GAAP EPS came in at $0.38, just below the $0.39 consensus. Revenue of $1.07B trailed expectations of $1.14B. Average revenue per user fell to $157 from $191 in the prior quarter.
Transaction-based revenue declined to $623M from $776M in Q4. Crypto revenue dropped 47% Y/Y to $134M, while options revenue rose 8% to $250M and equities revenue jumped 46% to $82M.
Robinhood also raised its 2026 combined adjusted operating expense and share-based compensation guidance to $2.7B–$2.825B, above prior guidance and consensus.
“Our work for Trump accounts is contracted on a cost plus basis with a small margin, so we expect revenues to exceed costs,” the company said.
Investment manager Ross Gerber of Gerber Kawasaki said Robinhood only makes money “when you gamble and lose on.... stock options, crypto and betting. This is a gambling app, nothing more. They make money when you lose.”
Among other active stocks, Seagate Technology (STX) and NXP Semiconductors (NXPI) are surging post-earnings.
On Seagate, Morgan Stanley analyst Erik Woodring said, “For the third quarter in a row, our prior bull case is becoming our new base case for STX, as pricing, gross margins and earnings power continue to exceed our above-Street forecasts.”
On NXP, Morgan Stanley analyst Joseph Moore said the company provided the confidence and clarity needed to support its long-term story, citing “new data center disclosure, broader analog momentum and continued design win ramps.”
Oil prices are moving higher on expectations of a prolonged Middle East bottleneck. Stronger-than-expected U.S. economic data — adding demand to an already constrained market — is also supporting the move.
The United States Oil Fund ETF (USO) rallied to its highest level since July 2015.
President Donald Trump pressed Iran to “get smart soon” after reportedly telling aides to prepare for an extended blockade of the country’s key port infrastructure.

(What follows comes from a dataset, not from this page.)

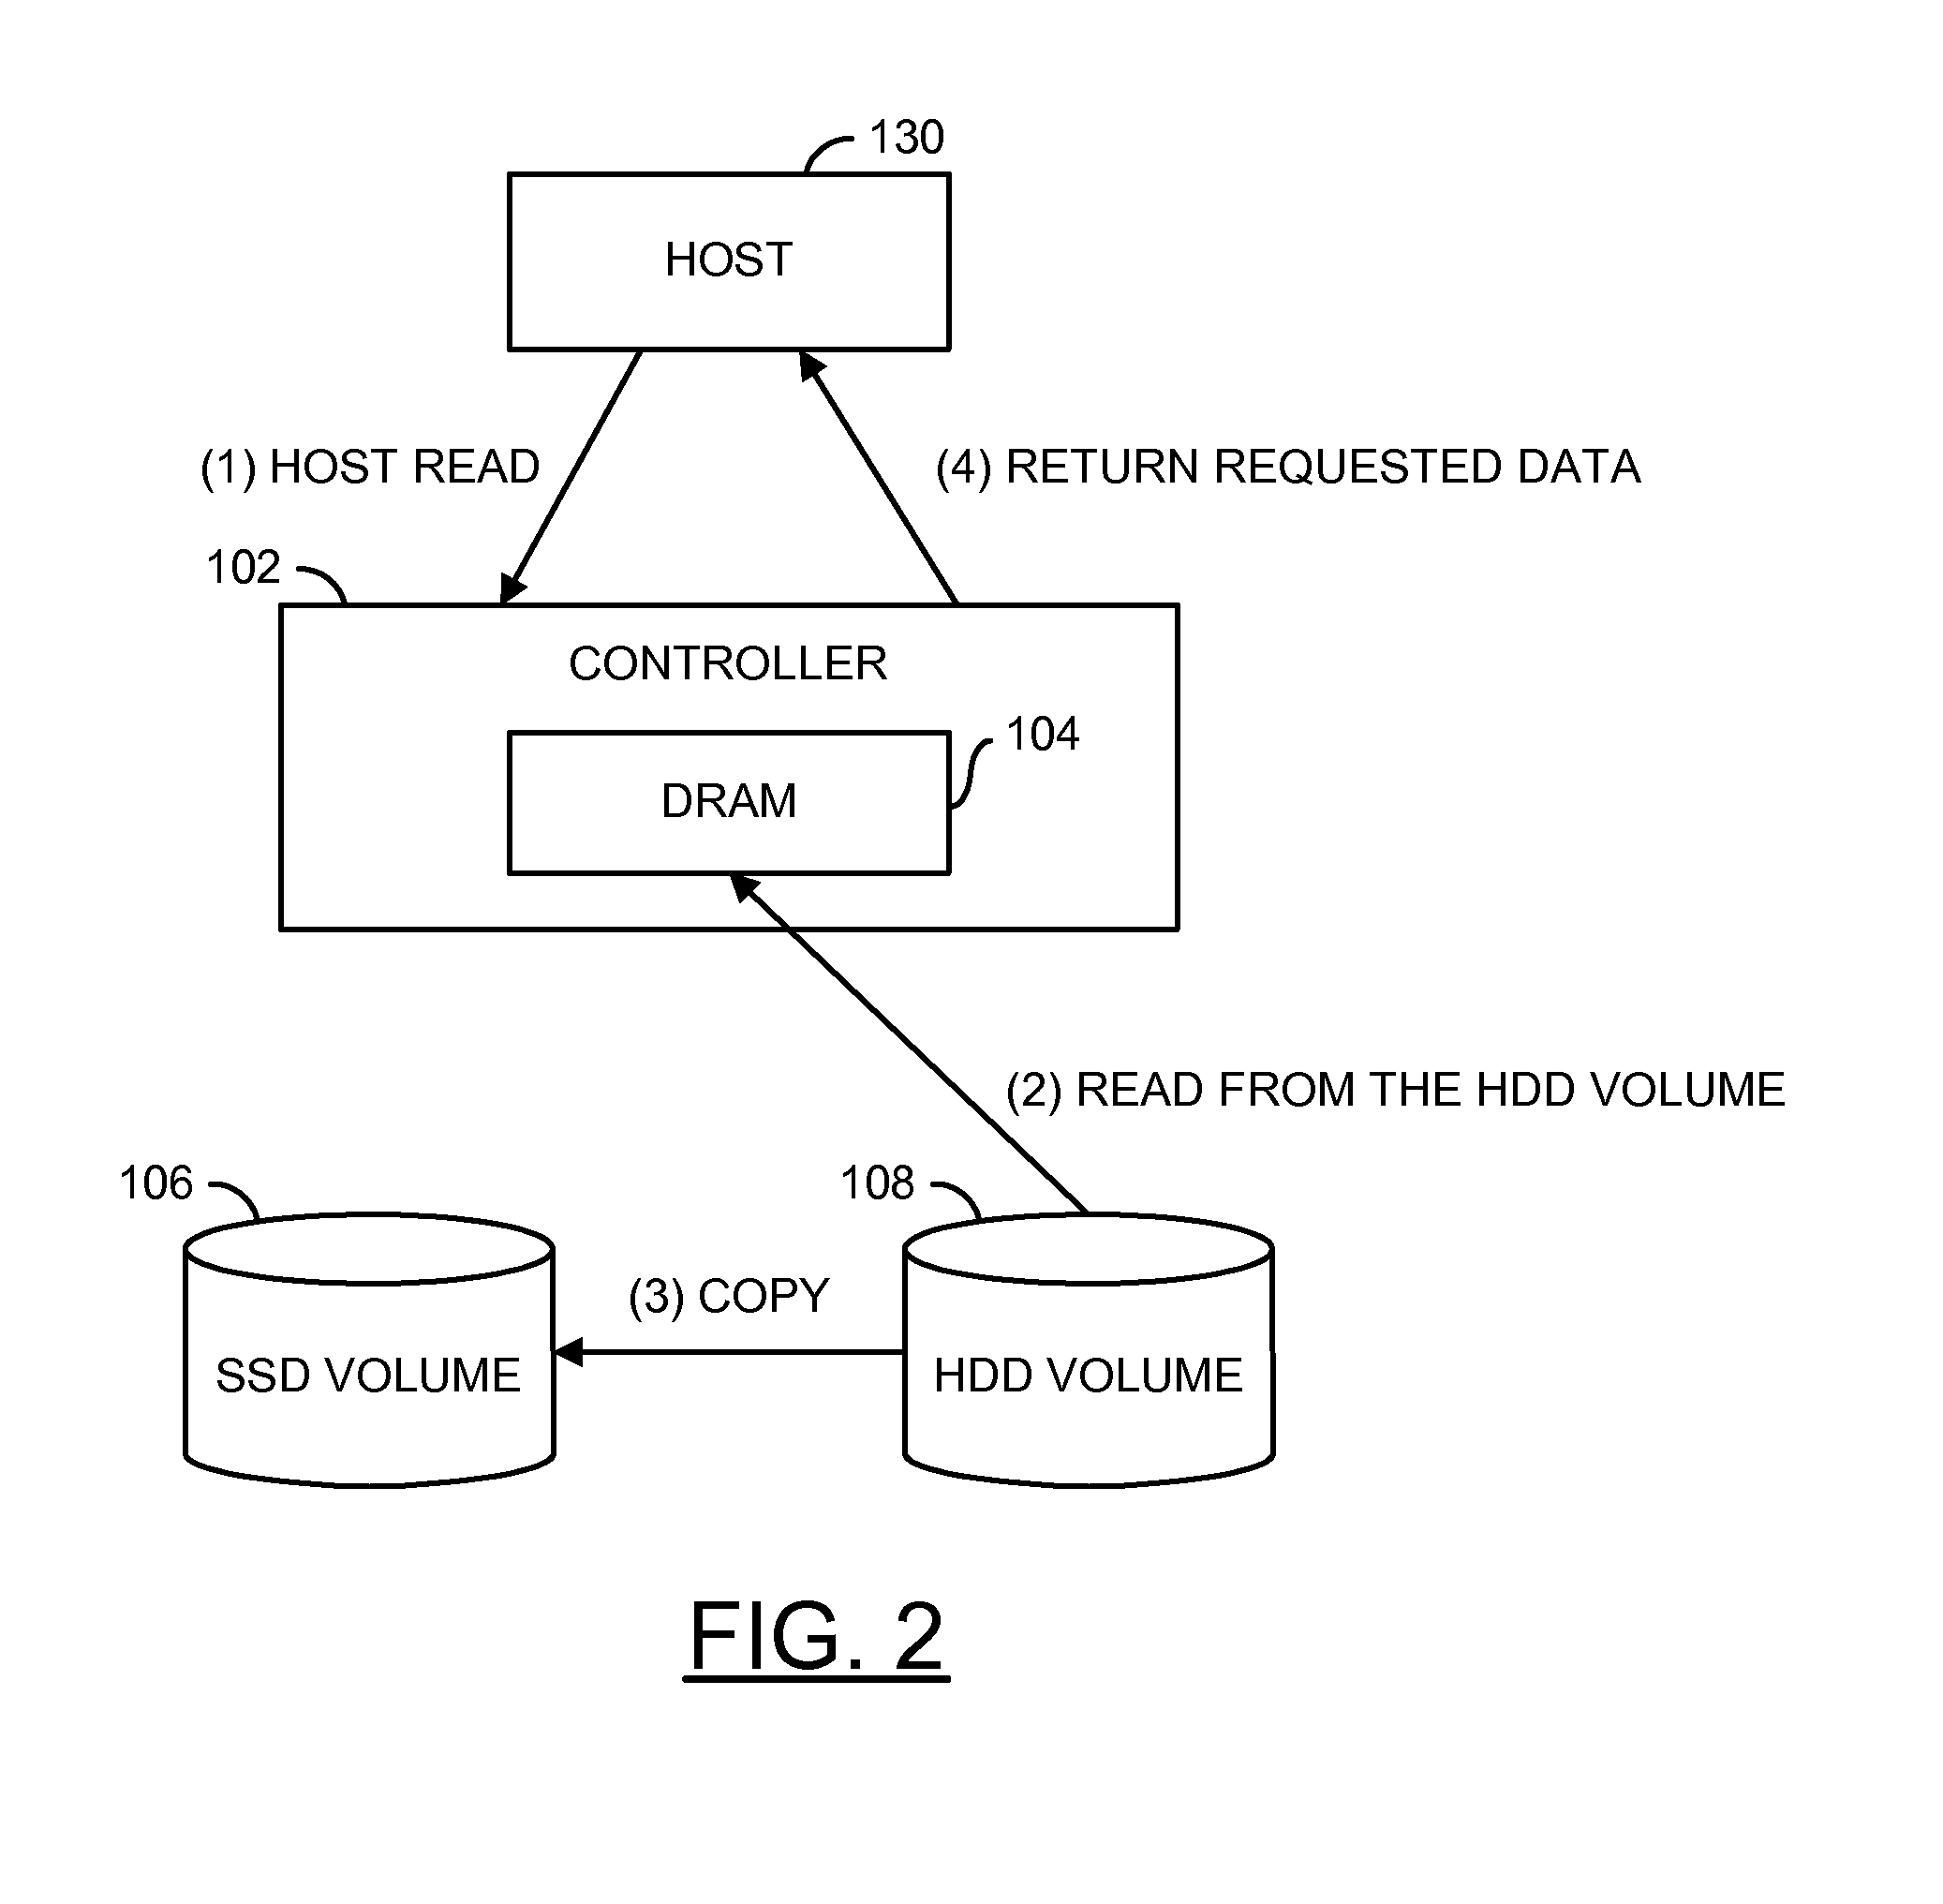 Method to improve the performance of a read ahead cache process in a storage array

The decision to maintain the blockade is seen as a lower-risk alternative to resuming bombing or abandoning negotiations altogether, the Wall Street Journal reported.
Trump said Iran’s offer to reopen the Strait of Hormuz while postponing nuclear talks showed Tehran was not negotiating in good faith.

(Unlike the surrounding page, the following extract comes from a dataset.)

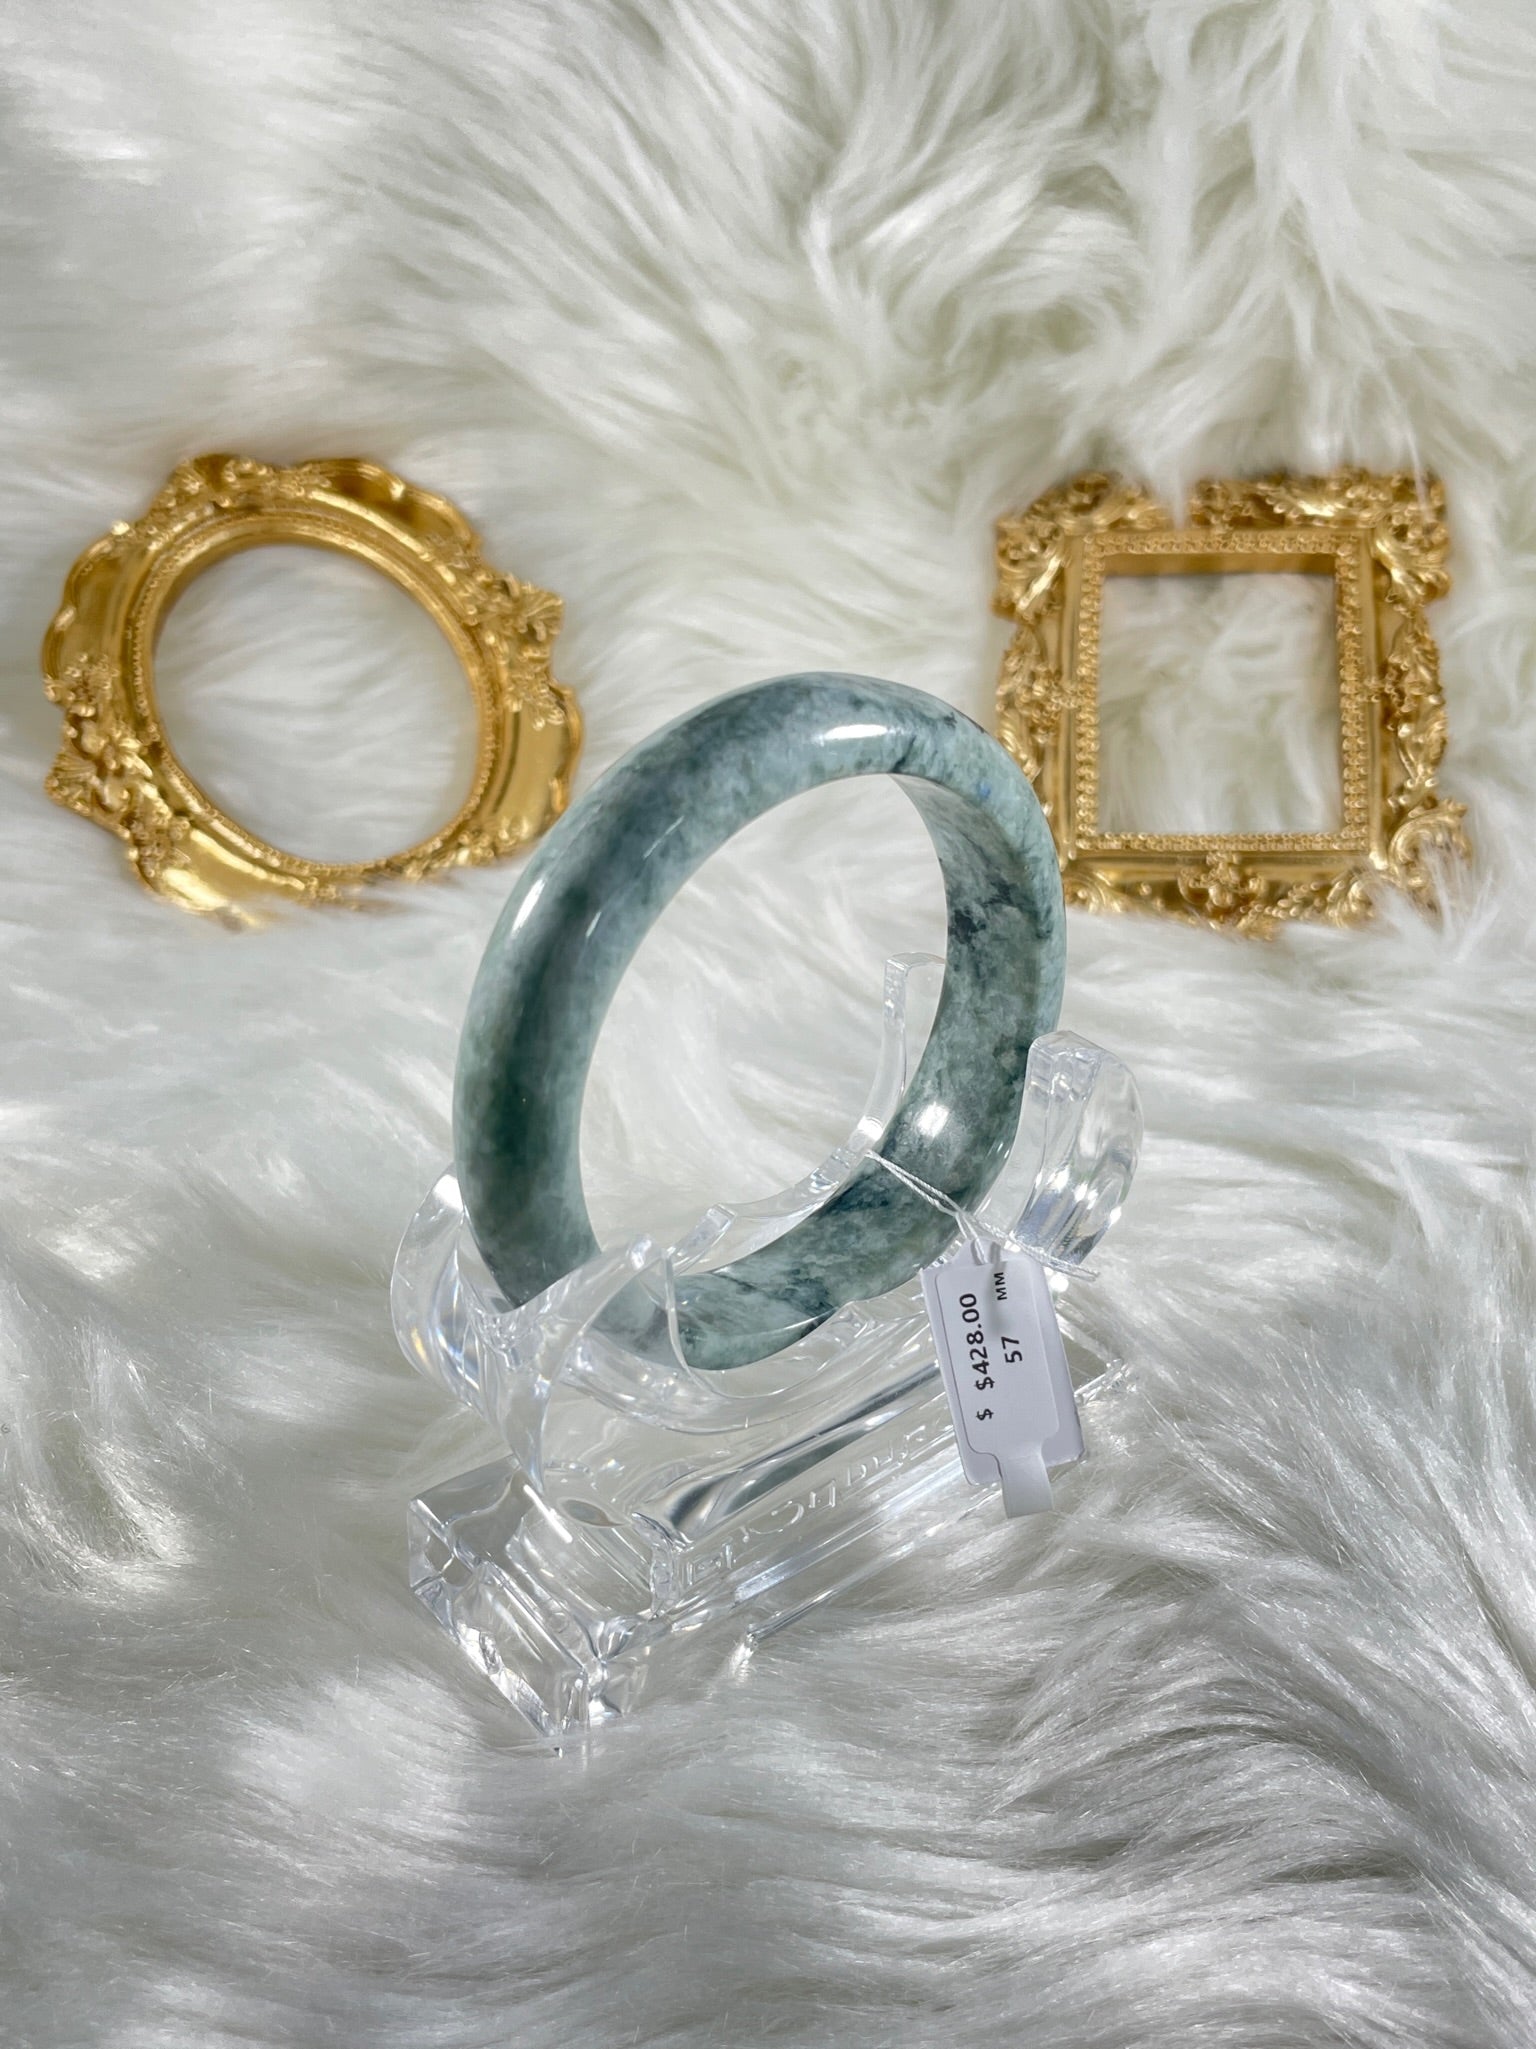 Grade A Natural Jade Bangle with certificate #37158

“Iran can't get their act together,” Trump posted overnight on Truth Social. “They don't know how to sign a nonnuclear deal. They better get smart soon!”
An extended blockade would likely keep energy markets on edge, with traders watching closely for any disruption tied to the Strait of Hormuz — a key chokepoint for global oil flows.
As Bloomberg columnist Javier Blas noted, one trader quipped that markets were expecting “TACO” — Trump Always Chickens Out — but are instead getting “NACHO” — Not A Chance Hormuz Opens.
Ahead of this afternoon’s Fed decision, the Senate Committee on Banking, Housing and Urban Affairs advanced Kevin Warsh’s nomination for Federal Reserve chair to a full Senate vote, where he is widely expected to be confirmed.
The committee approved the nomination 13–11 along party lines.
The vote puts Warsh on track to be confirmed before Jerome Powell’s term as Fed chair ends on May 15, making today’s FOMC meeting likely the last one Powell will lead as chair. His term as a Fed governor, however, runs for two more years.
And in other news of note, Disney (DIS) has reportedly decided against spinning off ESPN and will keep the sports network within its portfolio, Business Insider reports.
The decision comes as Josh D’Amaro prepares to assume leadership from Bob Iger. Keeping ESPN in-house is seen as supporting Disney’s broader pivot to streaming, with the network continuing to be offered across cable and streaming platforms, including bundled packages with Hulu+ and Disney+.
ESPN was once a major profit engine for Disney but has faced subscriber declines amid cord-cutting. While Iger publicly described ESPN as a core asset, discussions had emerged over whether separating the network could unlock value.